How Could The Doctor Be So Stupid?

This is the first of two “horror stories” a colleague wrote for me(a  stalwart fellow, who doesn’t tolerate fools gladly – but who is coy enough not to want to be identified).


50s something man with non-life threatening chronic shoulder pain presents to MWH & is admitted with "altered mental status, falling, trouble breathing".  He is taking Opana (a long acting morphine preparation) & Methadone (both Schedule II drugs), Diazepam, Restoril, & a third benzodiazepine (all Schedule III or IV drugs*).  Each of the 5 drugs alone might be the cause of all his presenting complaints, but the combination of all 5 would have to be considered as a primary cause for his symptoms.  At discharge, his Opana dose was left unchanged, his Methadone dose was actually increased!, his Diazepam dose was increased, his Restoril was unchanged, and the third benzodiazepine was discontinued.

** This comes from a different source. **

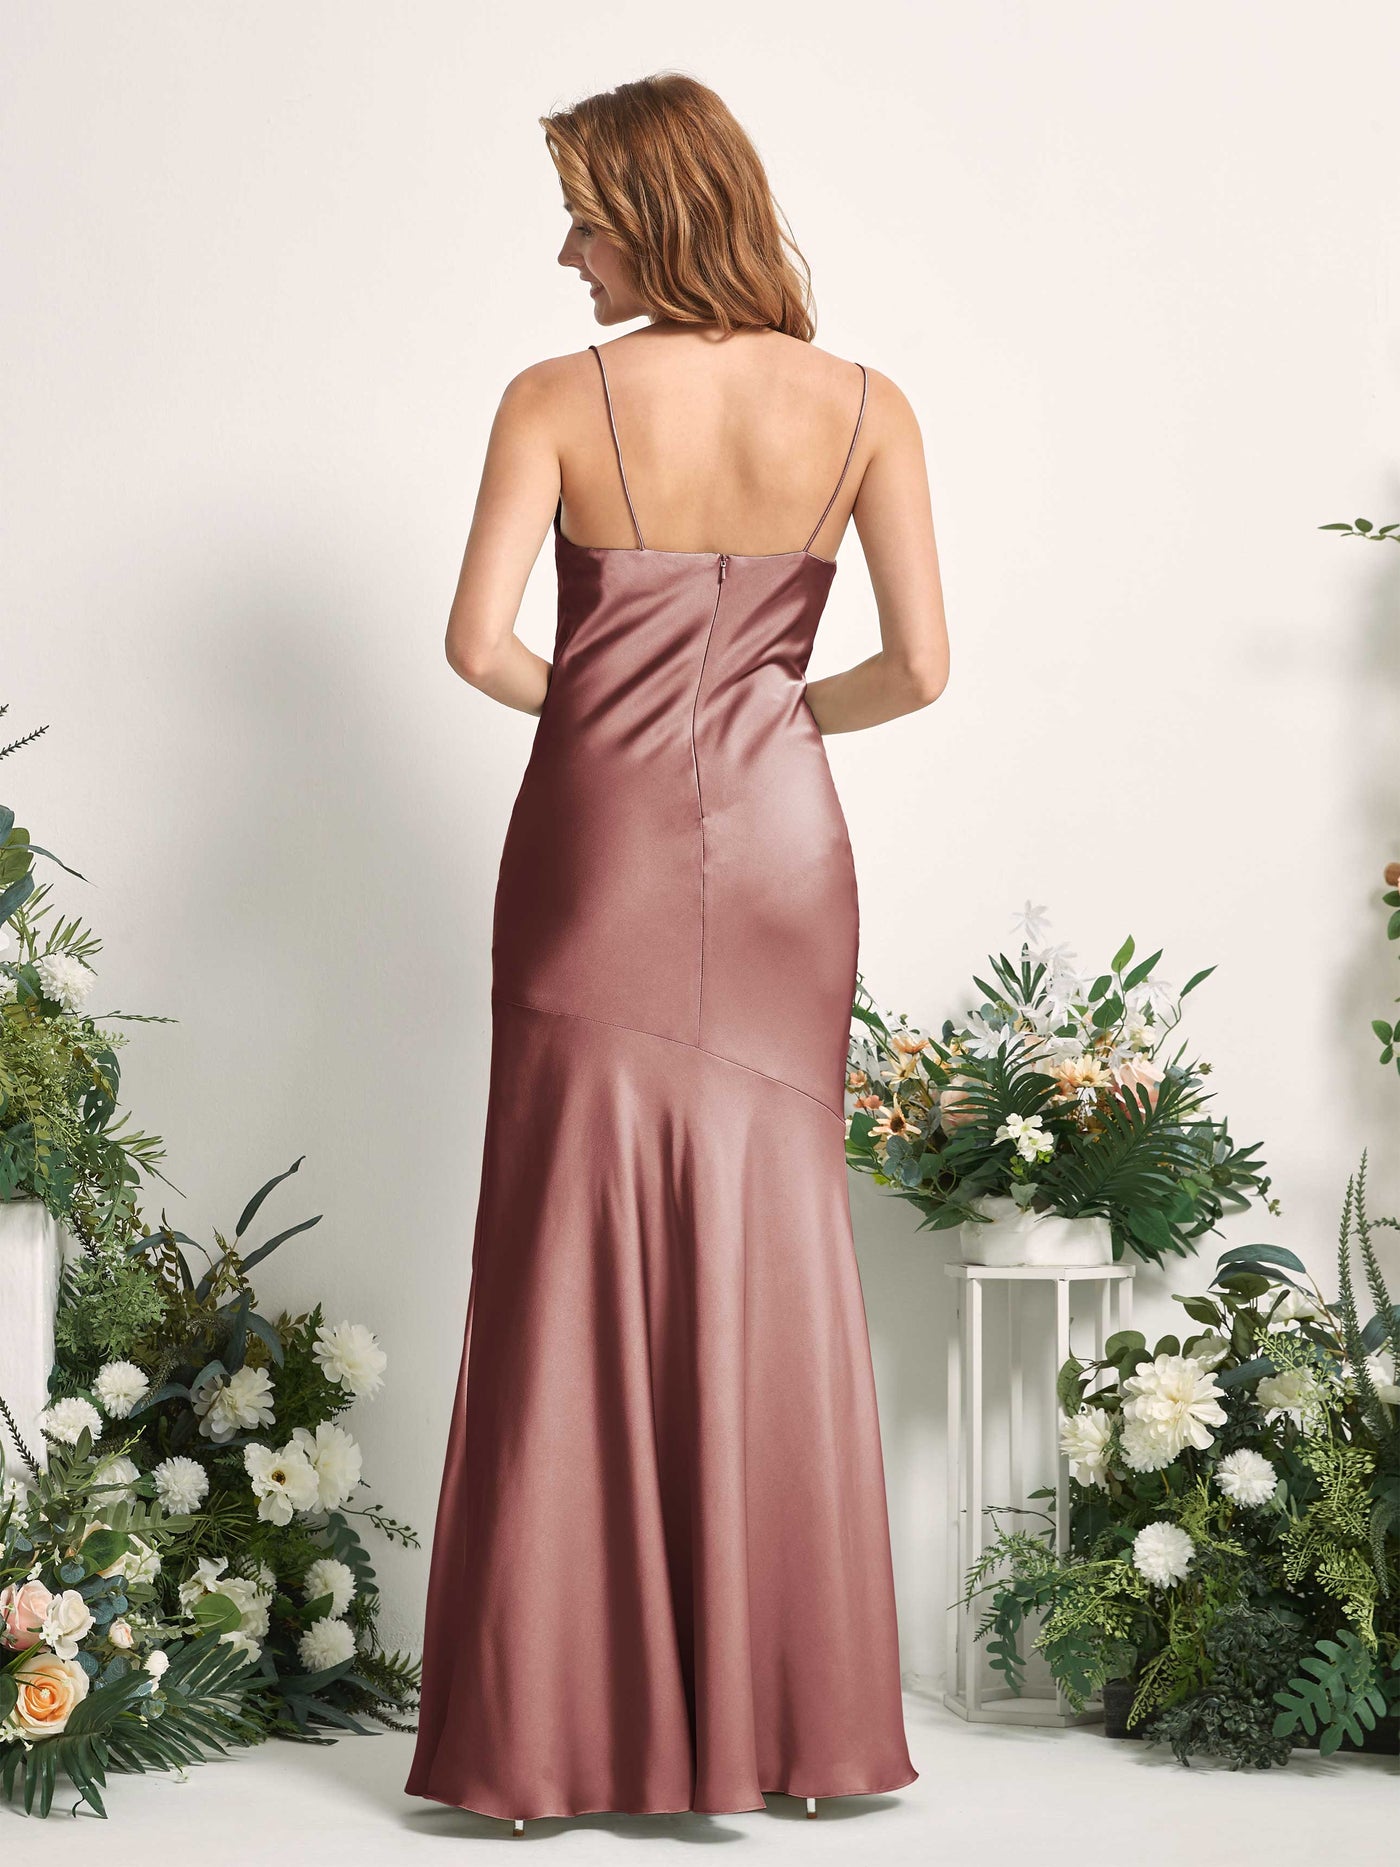 Desert Rose Bridesmaid Dresses Bridesmaid Dress Mermaid/Trumpet Satin Spaghetti-straps Full Length Sleeveless Wedding Party Dress (80225617)#color_desert-rose

Error #1 - "altered mental status" is too non-specific, & an adequately trained health professional should know to differentiate it further.

Error #2 - In the Discharge Summary, NO justification whatsoever was given for raising the doses of Methadone and Diazepam.

Error #3 - There was no discussion in either admitting H&P or Discharge Summary that at any time his treating physicians considered that his medications might have been the cause of "altered mental status", falling, trouble breathing.

Error #4 - there was no suggestion that his physicians considered a need to decrease the dosage & number of his scheduled drugs.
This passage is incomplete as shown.